治承4年(1180年)5月11日の皇嘉門院惣処分状に九条家領と見え、皇嘉門院から猶子九条兼実の長男良通に伝領されている。文治2年(1186年)の関東知行国乃貢未済荘々注文(『吾妻鏡』文治2年3月12日条)には殿下御領(近衛家領)と見えるが、建長2年(1250年)11月の九条道家惣処分状、建長8年(1256年)8月25日付九条家重書目録などに当荘が見え、元久元年(1204年)4月23日付宜穐門院宛の九条兼実置文には藤原忠通の時に最勝金剛院に寄付された院領の1つと見える。また、この間の正治元年(1199年)には、藤原定家が預所職とみられる下級所職を与えられ、正治2年(1200年)に当所職を辞退・返還したことが明月記に見える。
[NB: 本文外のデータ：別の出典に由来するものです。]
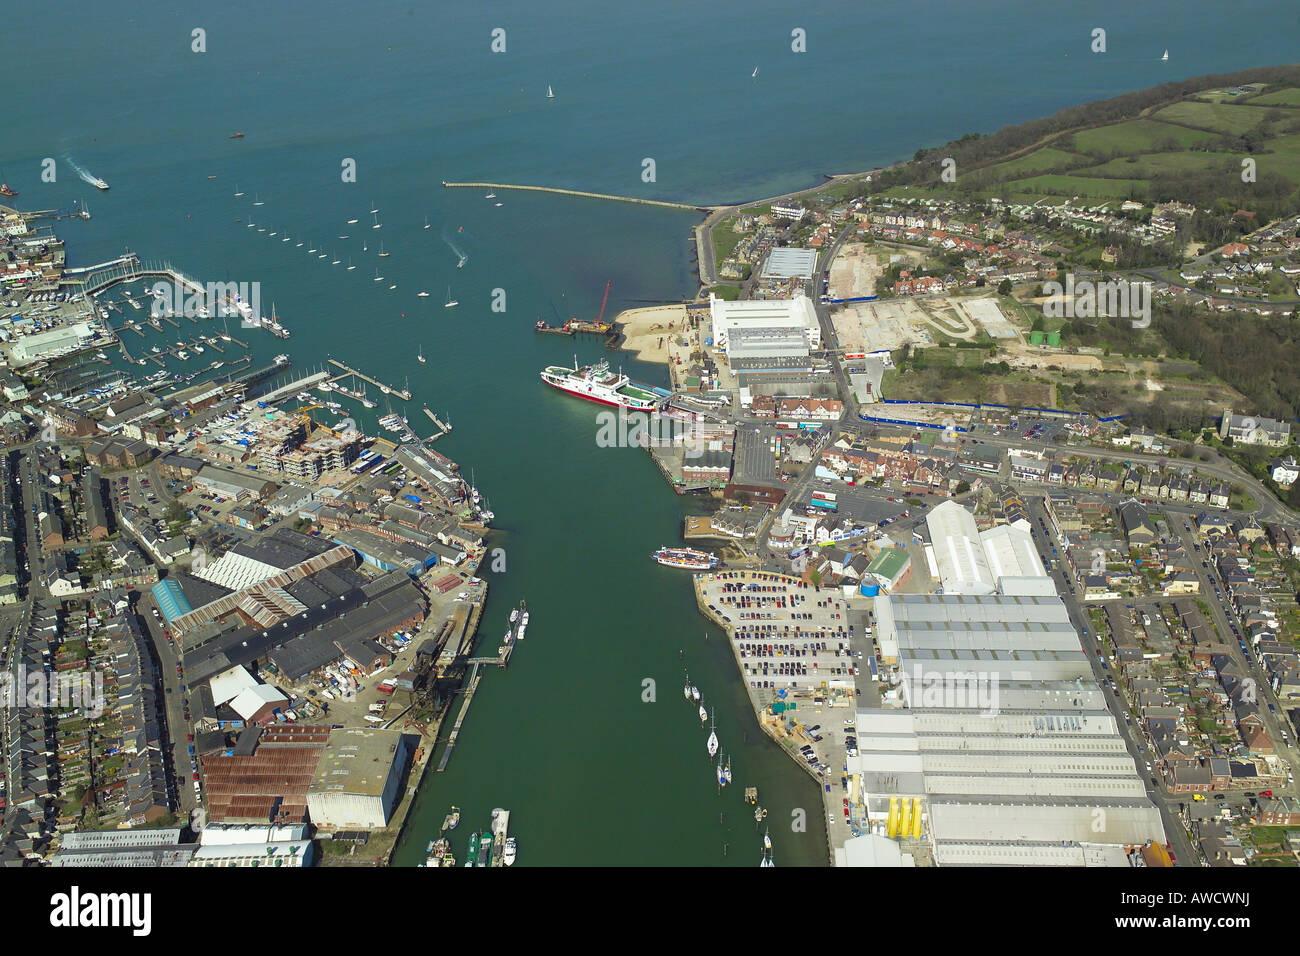 Vista aérea de Cowes & East Cowes en la Isla de Wight con la terminal del ferry, los astilleros y el puente flotante Foto de stock

在地領主は平安時代末期には片岡氏であったが、『吾妻鏡』文治元年(1185年)10月28日条によれば、片岡常春は舅の佐竹義政に同心して源頼朝に謀反を企てたかどで当荘を収公され、代わって千葉常胤に与えられ、その後は千葉氏一族が領有した。建保6年(1218年)11月、東胤頼の孫胤行は当荘に下向したまま鎌倉に帰参せず、源実朝は和歌を詠じて参上を催促したという(『吾妻鏡』建保6年11月27日条)。その後当荘を領したのは胤行の弟胤方の系統で海上氏を称した。当荘内には円福寺があり、その別当職には胤方の弟である盛胤系統の本庄氏や海上氏一族が補任されていたことが、建武元年(1334年)の譲状などの円福寺文書によってわかる。
また、長禅寺所蔵愛染明王像の永禄12年(1569年)9月吉日付胎内墨書銘に「三崎荘横根郷野中長禅寺」と見え、常燈寺所蔵の大般若教巻408の天正4年(1576年)10月17日付奥書には「下総国三崎荘海上本庄浦内松岸村」に住む権少僧都照誉が書写したとある。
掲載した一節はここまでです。